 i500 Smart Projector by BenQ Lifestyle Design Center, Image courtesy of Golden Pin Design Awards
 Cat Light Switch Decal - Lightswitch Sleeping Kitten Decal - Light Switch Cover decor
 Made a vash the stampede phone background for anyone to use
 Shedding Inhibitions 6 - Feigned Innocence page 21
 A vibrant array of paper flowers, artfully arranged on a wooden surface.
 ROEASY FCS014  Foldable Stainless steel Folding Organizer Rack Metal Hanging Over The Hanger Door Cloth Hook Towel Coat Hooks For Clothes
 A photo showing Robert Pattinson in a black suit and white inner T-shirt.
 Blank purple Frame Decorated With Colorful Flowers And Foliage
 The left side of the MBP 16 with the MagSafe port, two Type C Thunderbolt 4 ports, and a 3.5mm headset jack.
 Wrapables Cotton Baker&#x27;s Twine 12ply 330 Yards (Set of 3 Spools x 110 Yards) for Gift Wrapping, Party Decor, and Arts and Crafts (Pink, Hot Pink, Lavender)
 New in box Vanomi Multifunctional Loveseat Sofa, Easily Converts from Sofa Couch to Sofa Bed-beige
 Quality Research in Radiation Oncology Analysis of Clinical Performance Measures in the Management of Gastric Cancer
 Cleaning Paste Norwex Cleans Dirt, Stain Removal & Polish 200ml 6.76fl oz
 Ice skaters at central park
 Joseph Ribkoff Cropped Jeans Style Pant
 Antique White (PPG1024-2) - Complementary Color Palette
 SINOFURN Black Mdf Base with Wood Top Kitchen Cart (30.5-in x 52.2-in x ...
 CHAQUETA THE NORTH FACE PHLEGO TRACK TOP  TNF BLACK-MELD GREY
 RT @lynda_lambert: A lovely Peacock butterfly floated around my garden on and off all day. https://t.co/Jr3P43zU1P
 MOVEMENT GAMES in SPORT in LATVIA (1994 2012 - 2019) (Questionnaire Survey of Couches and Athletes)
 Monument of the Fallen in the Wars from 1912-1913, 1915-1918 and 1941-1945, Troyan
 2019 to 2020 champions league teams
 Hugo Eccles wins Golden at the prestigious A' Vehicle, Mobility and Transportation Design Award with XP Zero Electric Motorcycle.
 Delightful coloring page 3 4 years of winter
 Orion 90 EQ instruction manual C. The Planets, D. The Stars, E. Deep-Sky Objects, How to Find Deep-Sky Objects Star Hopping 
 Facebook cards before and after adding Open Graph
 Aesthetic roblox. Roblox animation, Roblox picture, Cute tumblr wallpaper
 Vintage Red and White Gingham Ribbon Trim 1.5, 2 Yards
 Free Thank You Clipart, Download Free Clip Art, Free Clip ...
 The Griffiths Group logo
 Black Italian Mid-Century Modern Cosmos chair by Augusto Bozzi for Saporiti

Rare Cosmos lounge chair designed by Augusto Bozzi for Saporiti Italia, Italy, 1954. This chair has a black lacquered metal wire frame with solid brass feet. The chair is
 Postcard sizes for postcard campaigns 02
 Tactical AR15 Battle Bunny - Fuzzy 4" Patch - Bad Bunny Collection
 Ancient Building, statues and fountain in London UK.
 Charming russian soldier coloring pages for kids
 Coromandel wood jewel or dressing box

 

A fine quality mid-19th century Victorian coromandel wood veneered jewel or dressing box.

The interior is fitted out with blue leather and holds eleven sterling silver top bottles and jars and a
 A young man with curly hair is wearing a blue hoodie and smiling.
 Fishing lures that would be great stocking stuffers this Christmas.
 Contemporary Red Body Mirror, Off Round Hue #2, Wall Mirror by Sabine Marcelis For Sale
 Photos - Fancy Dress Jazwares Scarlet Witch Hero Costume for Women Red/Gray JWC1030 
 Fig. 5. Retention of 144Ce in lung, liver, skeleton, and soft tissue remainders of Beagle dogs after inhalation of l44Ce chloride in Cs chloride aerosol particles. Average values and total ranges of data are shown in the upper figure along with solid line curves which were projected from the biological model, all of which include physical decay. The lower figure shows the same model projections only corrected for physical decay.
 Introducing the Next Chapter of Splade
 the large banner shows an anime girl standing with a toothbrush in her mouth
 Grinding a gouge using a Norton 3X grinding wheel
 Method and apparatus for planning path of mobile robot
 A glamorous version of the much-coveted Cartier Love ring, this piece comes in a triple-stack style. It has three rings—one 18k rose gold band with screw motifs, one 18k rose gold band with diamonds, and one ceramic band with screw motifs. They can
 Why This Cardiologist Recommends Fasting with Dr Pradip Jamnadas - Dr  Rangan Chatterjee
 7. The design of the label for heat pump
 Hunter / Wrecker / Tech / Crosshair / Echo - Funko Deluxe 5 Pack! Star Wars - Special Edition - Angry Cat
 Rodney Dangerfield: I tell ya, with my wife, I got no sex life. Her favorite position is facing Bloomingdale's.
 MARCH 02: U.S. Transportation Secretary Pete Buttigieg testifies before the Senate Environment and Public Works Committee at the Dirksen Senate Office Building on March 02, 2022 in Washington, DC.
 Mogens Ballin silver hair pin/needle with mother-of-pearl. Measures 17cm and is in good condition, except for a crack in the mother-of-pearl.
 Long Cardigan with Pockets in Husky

Problem to solve:
From the records above, copy each line that contains the word "Saporiti".

Result of the exercise:
 Black Italian Mid-Century Modern Cosmos chair by Augusto Bozzi for Saporiti
Rare Cosmos lounge chair designed by Augusto Bozzi for Saporiti Italia, Italy, 1954. This chair has a black lacquered metal wire frame with solid brass feet. The chair is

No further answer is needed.